Windows Server AppFabric Caching provides additional transparency into cache utilization for on-premises applications; for more information see Windows Server AppFabric Caching Capacity Planning Guide

If you do want to collect additional metrics on the cache utilization, consider overloading the Add, Put, Get, and other relevant methods of DataCache to maintain counters of utilization. In the Azure Photo Mosaics application, I added some simple properties to track cache hits and misses in each of the ImageProcessor Worker Roles:

Public Property ImageRequests As Int32 = 0
Public Property ImageRetrieves As Int32 = 0
Public Property ColorValueRequests As Int32 = 0
Public Property ColorValueRetrieves As Int32 = 0

The “requests” variables indicate the number of times an item was requested (tile thumbnail or color value), and “retrieves” indicate the number of times the item was retrieved from the original source (the same as a cache miss). Cache hits are calculated as requests – retrieves.

In the next post, I’ll continue on this theme of caching by comparing several implementations of the ImageProcessor component that use various approaches to caching.

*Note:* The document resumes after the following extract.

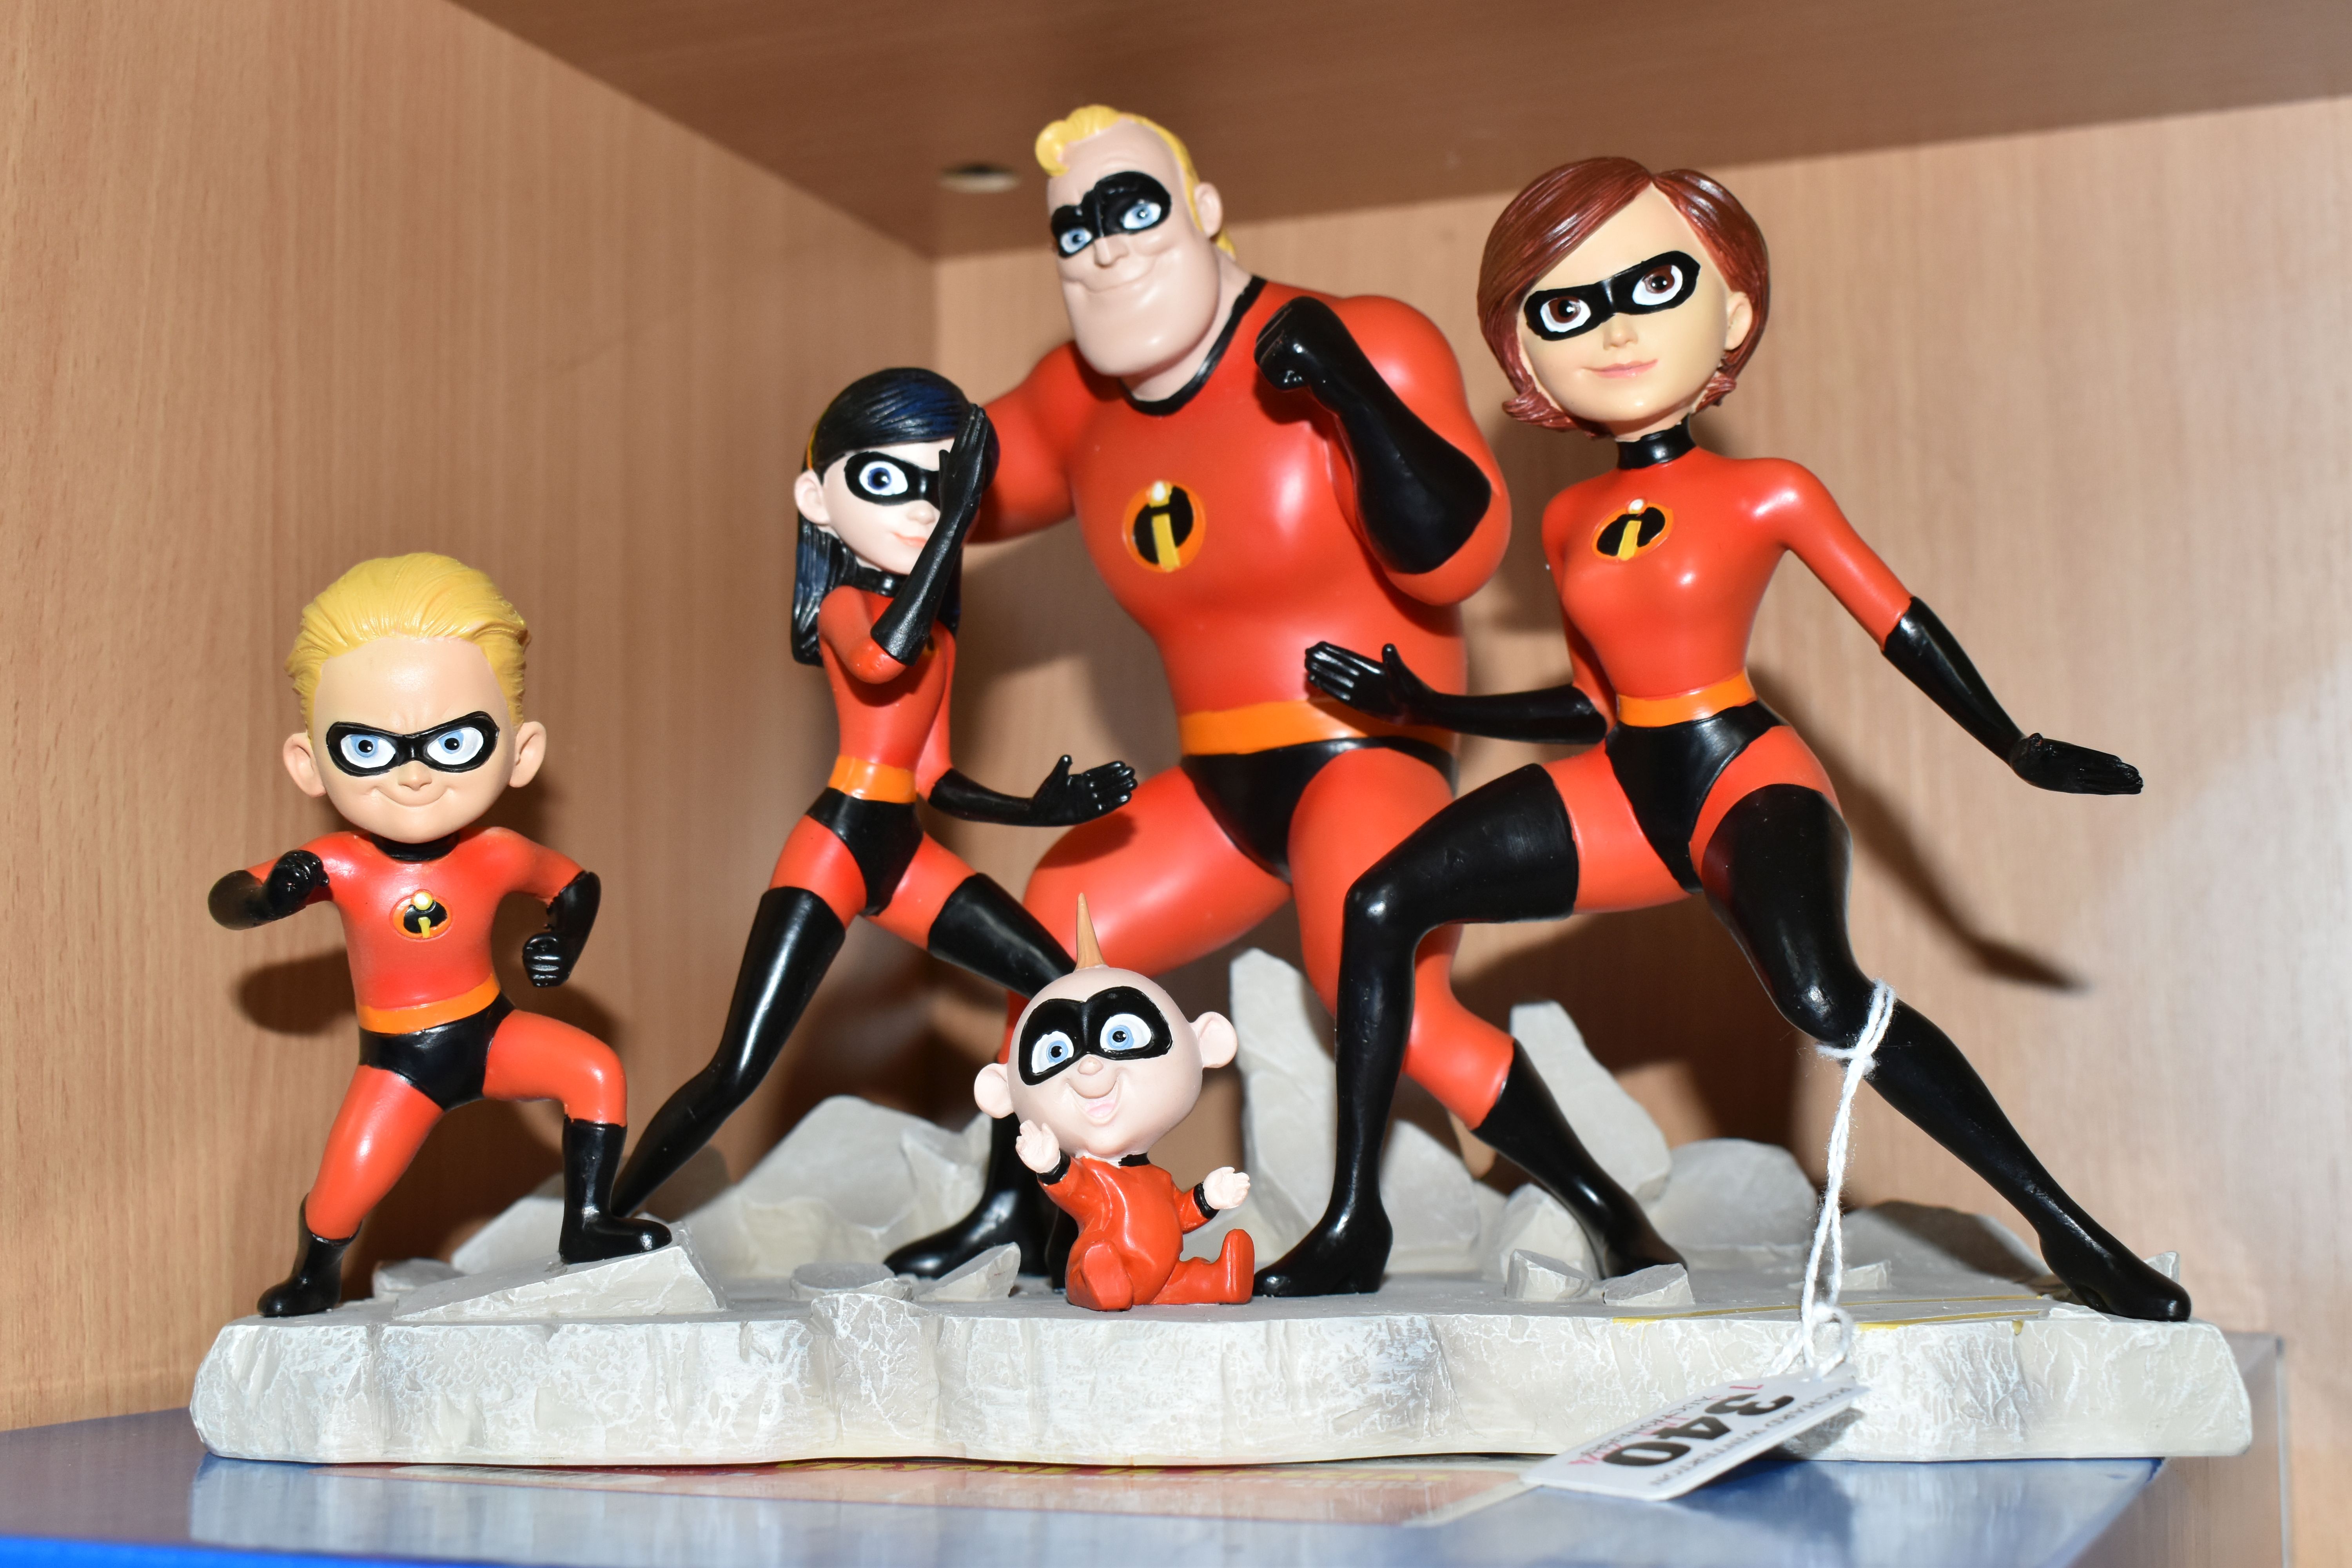 A BOXED ENESCO DISNEY ENCHANTING COLLECTION - 'EVERYONE IS SPECIAL', THE INCREDIBLES FIGURINE - Image 3 of 4

Some FAQs about Windows Azure Caching

Can I control how long an item will be cached? By default, items expire in 48 hours. You cannot override the expiration policy for a cache (in Windows Azure); however, you can specify eviction times on an item by item basis when adding them to the cache. There is no guarantee an item will be cached for the duration requested, since memory pressure will always push out the least recently used item.

Can I clear the cache manually or programmatically? Windows Azure Caching does not provide this capability at this time.

Is there a limit on what can be cached? Items are cached in a serialized XML format (although you can provide for custom serialization as well) and must be 8KB or less after serialization.

How much does caching cost? The costs for caching are wholly based upon the size of the cache (but do not include data transfer rates out of the data center, if applicable). As of this writing (December 2011) the cost schedule is as follows:

Cache Size Monthly Cost
128 MB $45.00
256 MB $55.00
512 MB $75.00
1 GB $110.00
2 GB $180.00
4 GB $325.00

Beyond cache size are there other constraints? Yes, each cache size designation comes with an associated amount of bandwidth, transaction, and connection limits. Since caching is a shared resource, it’s possible that your usage will be throttled to fall within the limitations listed below (current as of December 2011):

Cache Size Transactions (1000s) per Hour Bandwidth (MB)

per Hour
Concurrent Connections
128 MB 400 1400 10
256 MB 800 2800 10
512 MB 1600 5600 20
1 GB 3200 11200 40
2 GB 6400 22400 80
4 GB 12800 44800 160

Is there guidance on how to select the right cache size for my application? Yes, see the Capacity Planning for Caching in Windows Azure whitepaper.

Where can I read about those differences between Windows Azure Caching and Windows Server AppFabric Caching? The MSDN article Differences Between Caching On-Premises and in the Cloud covers that topic.